David Gibson (PhD, University of Aberdeen) is minister of Trinity Church in Aberdeen, Scotland. Previously he served as a staff worker for the Religious and Theological Studies Fellowship (part of UCCF) and as an assistant minister at High Church, Hilton, Aberdeen. Gibson is also a widely published author of articles and books such as Rich: The Reality of Encountering Jesus and Reading the Decree: Exegesis, Election and Christology in Calvin and Barth.

Jonathan Gibson is currently working on a PhD in Hebrew Studies at Cambridge University. He studied theology at Moore Theological College, Sydney, Australia, and is author of historical and biblical articles in Themelios and Journal of Biblical Literature, as well as “Obadiah” in the NIV Proclamation Bible.
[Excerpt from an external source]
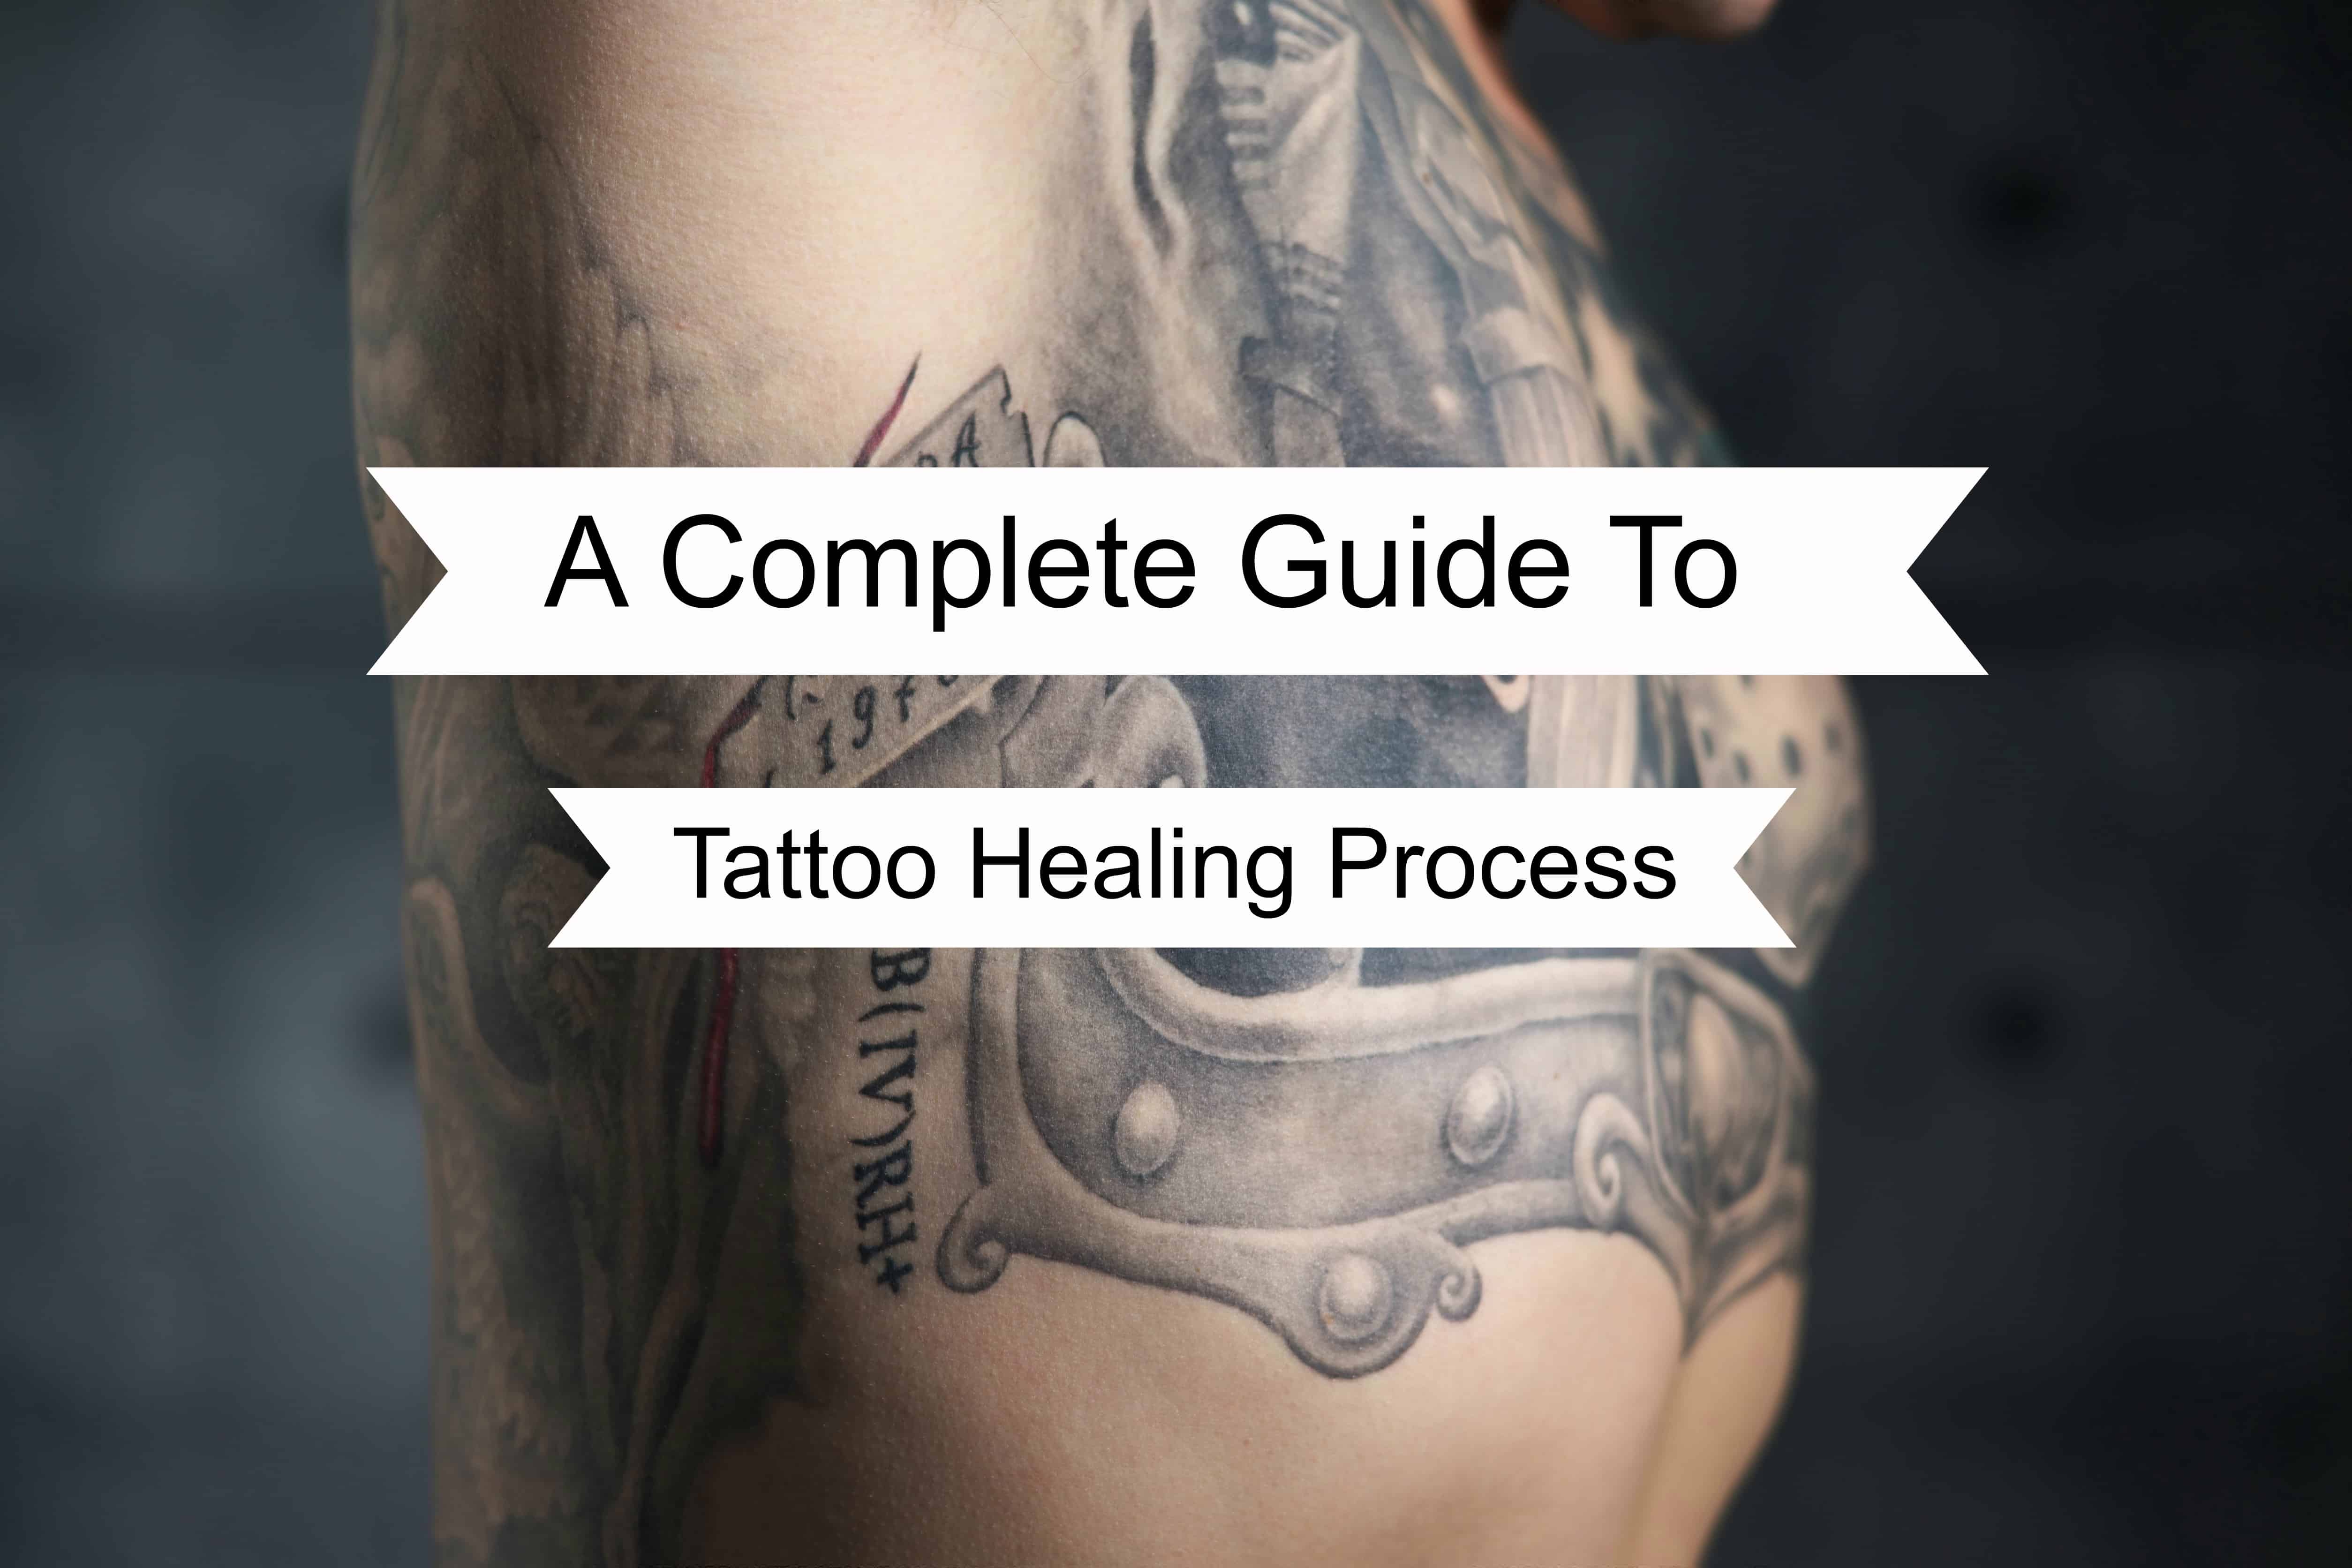 complete guide to tatttoo healing process tattoo aftercare

The book surveys and defends the doctrine of definite atonement in essays from across the theological disciplines. While providing some interaction with alternative viewpoints, the main task here is to describe and elucidate the doctrine familiar to many readers in the Reformed tradition as the “L” in TULIP, “Limited Atonement.” Furthermore, the essays each seek to defend definite atonement through historical, biblical, theological, or pastoral studies. The result is a wide-ranging, comprehensive look at the question, For whom did Christ die?   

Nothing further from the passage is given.